Diagnostik: Klinisches Bild. Eine mikrobiologische Diagnostik ist meist unergiebig.
Differenzialdiagnosen:
Neutrophile ekkrine Hidradenitis: Ähnliches Bild, der ekkrine Schweiß ist verantwortlich
für die Elimination chemotherapeutischer Substanzen; manchmal werden die Schweißdrüsen
durch diese Chemikalien geschädigt und reagieren mit einer sterilen pustulösen Eruption;
häufig ist dieses Phänomen bei akuter myeloischer Leukämie unter Chemotherapie zu
beobachten, gelegentlich aber tritt es auch idiopathisch auf; ggf. bedarf es einer Biopsie zur
Sicherung der Diagnose.
Weitere DD: Superfizielle Follikulitis, Periporitis suppurativa, papulöse Exantheme und
Morbus Grover (transiente akantholytische Dermatose älterer Männer).

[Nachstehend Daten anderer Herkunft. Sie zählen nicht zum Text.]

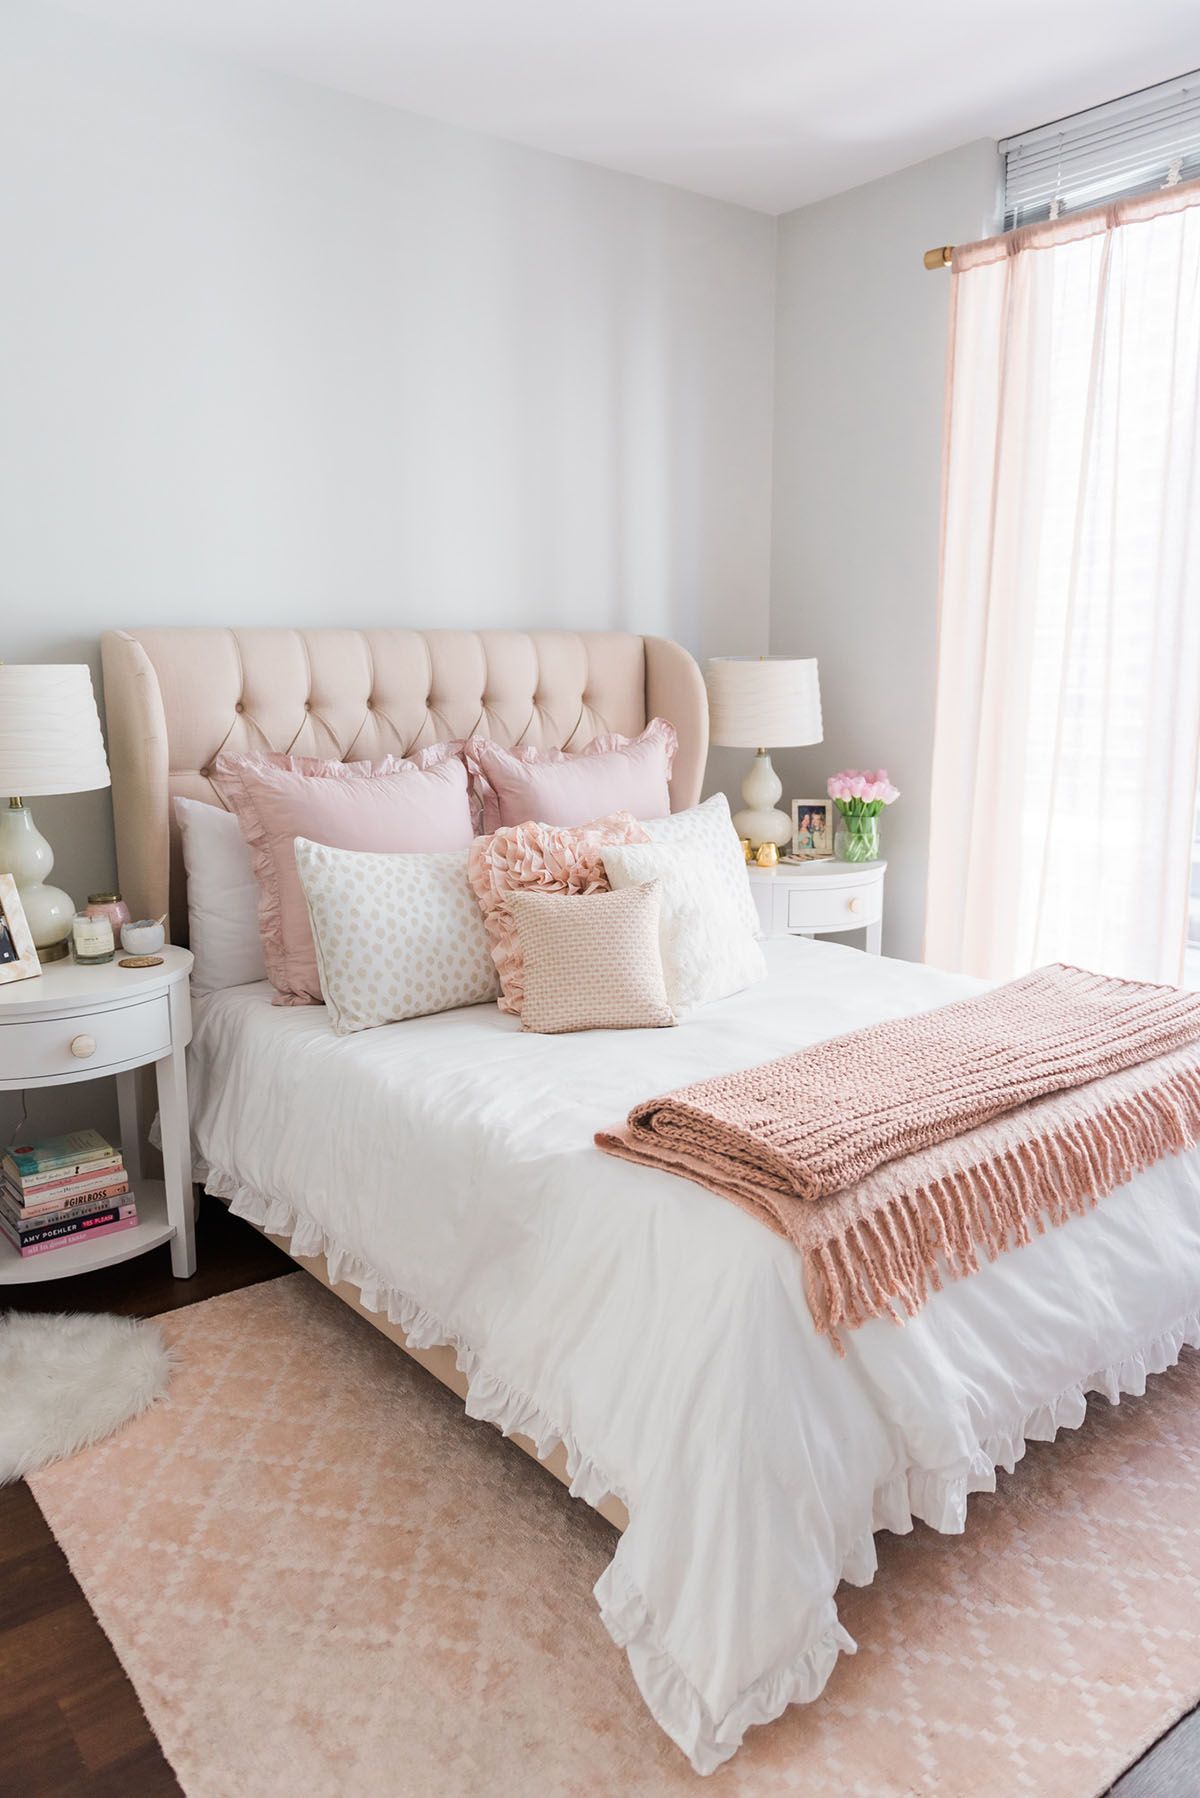 Pastel Color Bedroom Ideas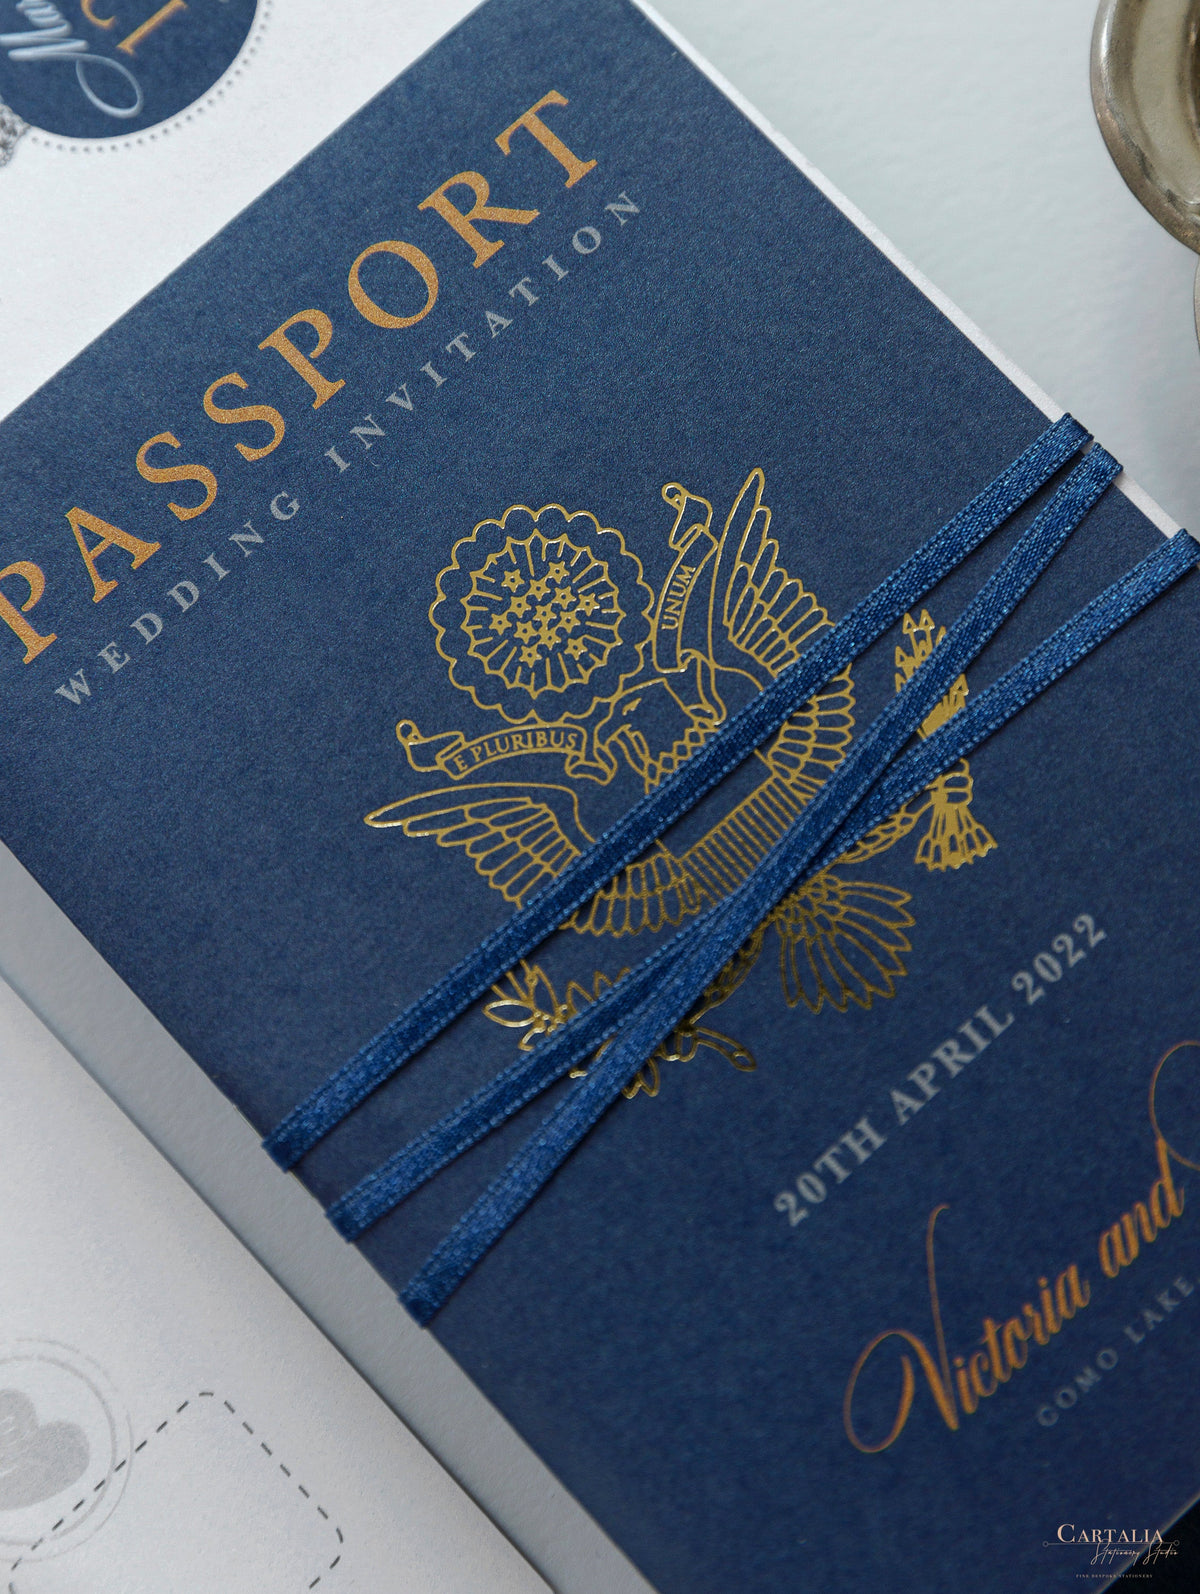 Invito a nozze blu marino con passaporto USA/americano con lamina scintillante + RSVP in stile carta d'imbarco

Therapie: Hitzstau und starkes Schwitzen verhindernde Maßnahmen sind beispielsweise der Wechsel
zu lockerer luftiger Baumwollkleidung und kühlende Bäder. Entsprechend der Akuizität des
Hautbefundes kommen topische Steroidlotionen und Antiseptika zum Einsatz.

5.6.2 Periporitis suppurativa


Definition: Überwiegend bei Säuglingen und Kleinkindern auftretende eitrige Entzündung der
ekkrinen Schweißdrüsenausführungsgänge.
Pathogenese: Die bakterielle Infektion durch die kutane Standort- oder Transientflora wird durch
mechanische Irritation, Wärmestau und Hyperhidrosis begünstigt. Der nicht ganz exakte Begriff der
„Periporitis“ ist vermutlich der auffälligen inflammatorischen Umgebungsreaktion geschuldet.
Klinik: Die von einem entzündlich-geröteten Hof umgebenden Pusteln sind zwar multipel ausgestreut,
aber auf charakteristische Prädilektionsstellen begrenzt: Bei Kindern Auflageareale wie Hinterkopf,
oberer Rücken und Gesäß, bei Erwachsenen hauptsächlich die Achseln.
Diagnostik: Klinik, bakterieller Abstrich.
Differenzialdiagnosen: Miliaria rubra, Follikulitis, Furunkel, axilläres Kontaktekzem, Intertrigo
candidomycetica.
Therapie: Ggf. Eröffnen der Pusteln. Lokal austrocknende und antiseptische Behandlung.